According to the Central Bank, the overdraft , revolving credit card and personal credit are among the debts that most harm the financial health of Brazilians. In these systems without creditor guarantees, the transaction risk increases for the financial institution that will release the money. This is the key factor so that the interest rate charged on the installments is very high and that the term for repaying the debt is shorter. When the modality is the secured loan , however, this risk decreases and conditions improve, making the debt longer and cheaper.

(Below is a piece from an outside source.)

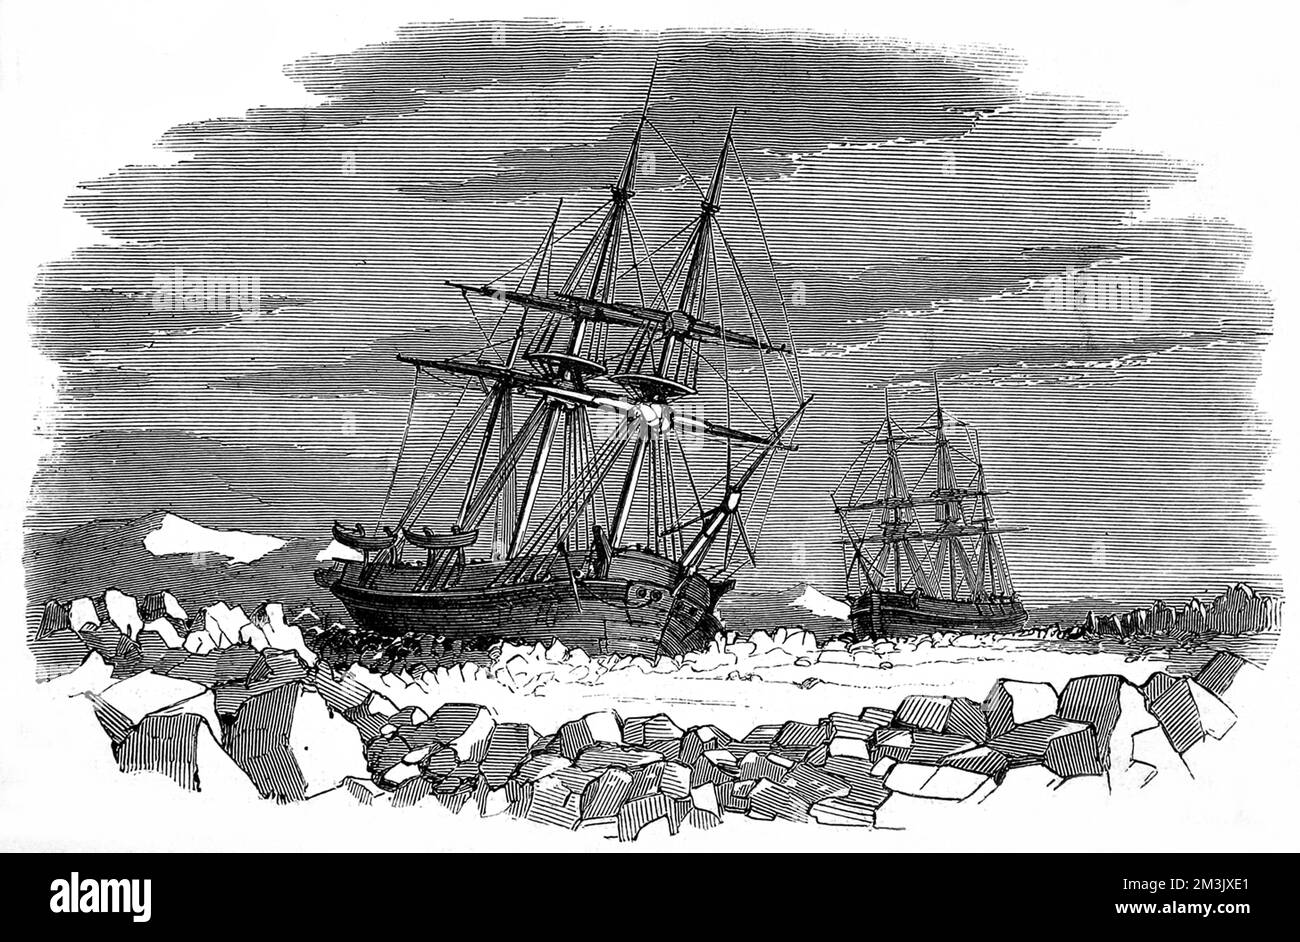 The 'Enterprise' and 'Investigator' surrounded by pack ice in Barrow's Straits, September 1849. These two ships were used by Sir James Clark Ross's Expedition of 1848-1849 to search the Arctic for signs of Sir John Franklin's ill-fated Arctic expedition of 1845.  In 1845 the British Admiralty sent two polar exploration ships, HMS 'Erebus' and HMS 'Terror', to look for the Northwest passage round the northern coast of Canada. The expedition, commanded by Sir John Franklin, disappeared from view late in 1845 and none of the men were ever seen again.   In fact the ships made it to the Stock Photo

In the case of Creditas loan fintech, for example, the annual interest rate on the loan is 16.09% for transactions involving a property as collateral, and 29.08% when an automobile is used in the process. The annual rate for payroll-deductible loans to workers in the private sector, for example, is fixed at 37.52%. In the personal loan, interest reaches 116.45%. For those who use the overdraft, the annual interest charge reaches an exorbitant 315.58% on credit.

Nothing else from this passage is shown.